Craig McNamara’s elegant and spare descriptions of St. Paul’s (“The idea there was to turn yourself into an increasingly bright and shiny object”) give early indications that he might one day radically depart from his father’s expectations. At home, Dad didn’t talk about the war, a practice internalized by the rest of the family. “I didn’t express myself at boarding school, but in my bedroom at home during the summers, where my father might see them, I began my earliest protests,” McNamara writes.
“I remember, as early as age thirteen, having questions about my father’s integrity,” he writes, recalling a March 1963 Newsweek article about the elder McNamara. That year saw congressional hearings regarding Dad’s award of a controversial $6.5 billion military contract—the TFX fighter plane—to the Texas-based firm General Dynamics, then closely associated with Vice President Lyndon Johnson. “Three times the Pentagon’s Source Selection Board found that Boeing’s bid was better and cheaper than that of General Dynamics and three times the bids were sent back for fresh submissions by the two bidders and fresh reviews,” the journalist I.F. Stone later wrote. “On the fourth round, the military still held that Boeing was better but found at last that the General Dynamics bid was also acceptable.”
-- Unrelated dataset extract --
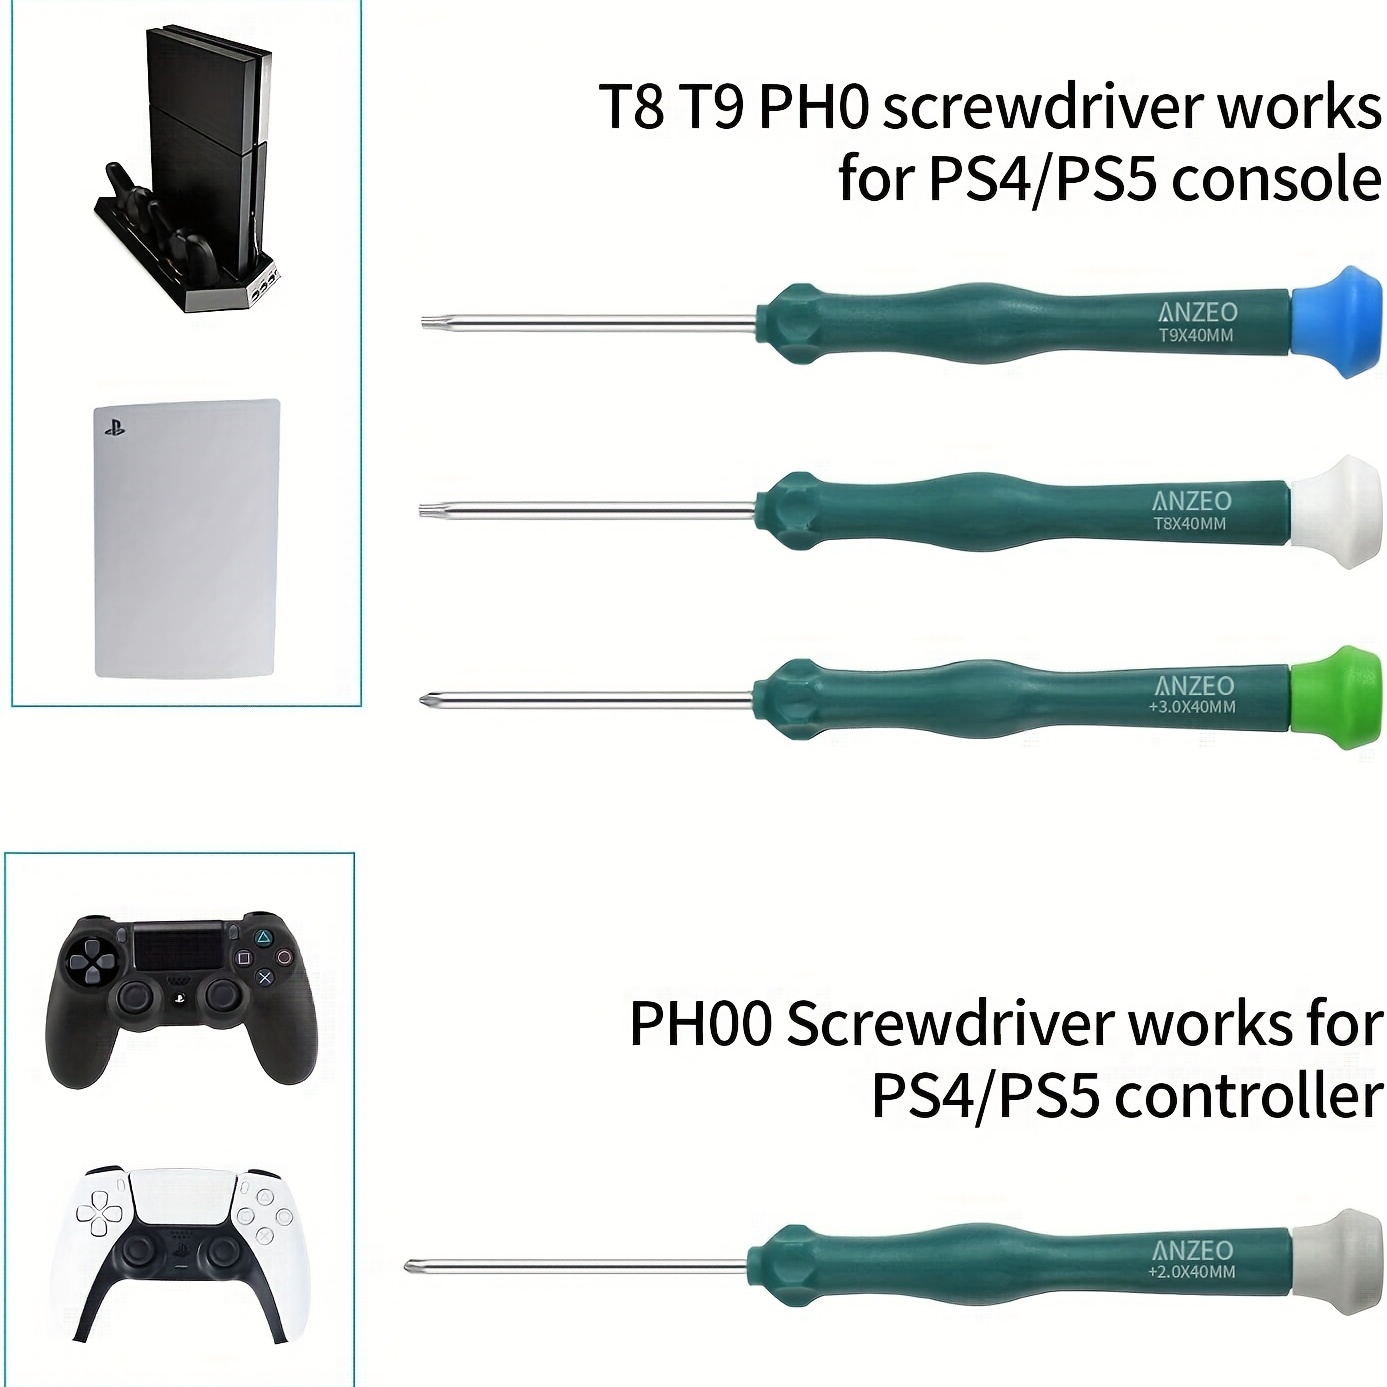 Kit D'outils De Réparation De Nettoyage Pour PS4 PS5 Jeu De - Temu

It was the summer of 1967, however, when “everything changed” for Craig. He was on a family visit to Aspen, Colorado, when a group of antiwar protesters appeared in the meadow outside their house. Craig took a copy of a famous peace poster by the artist Thomas Benton, depicting three doves flying toward the sun (the image that provides the clear inspiration for the cover of Because Our Fathers Lied). After that, nothing was the same:
I was becoming one of the people in the meadow. The feeling I had was solidarity with them. The protesters were there to talk to my father about the war, and he had ignored them in much the same way he ignored me. The inspiration of that evening still grows wild in my heart, like the paintbrushes in the meadow. But the memories are wilted and picked over. I’m not exactly sure what I was thinking at that moment, when I turned my back on my parents and stayed outside. It felt natural, almost accidental, because intrinsically I knew the war was wrong. I couldn’t push against my own heart.
Craig McNamara didn’t serve in the Army himself, disallowed from going to Vietnam because of stomach ulcers. “Not going to Vietnam as a soldier still causes me overwhelming guilt,” he writes of his teenage feeling. “It’s like a gap in my soul.”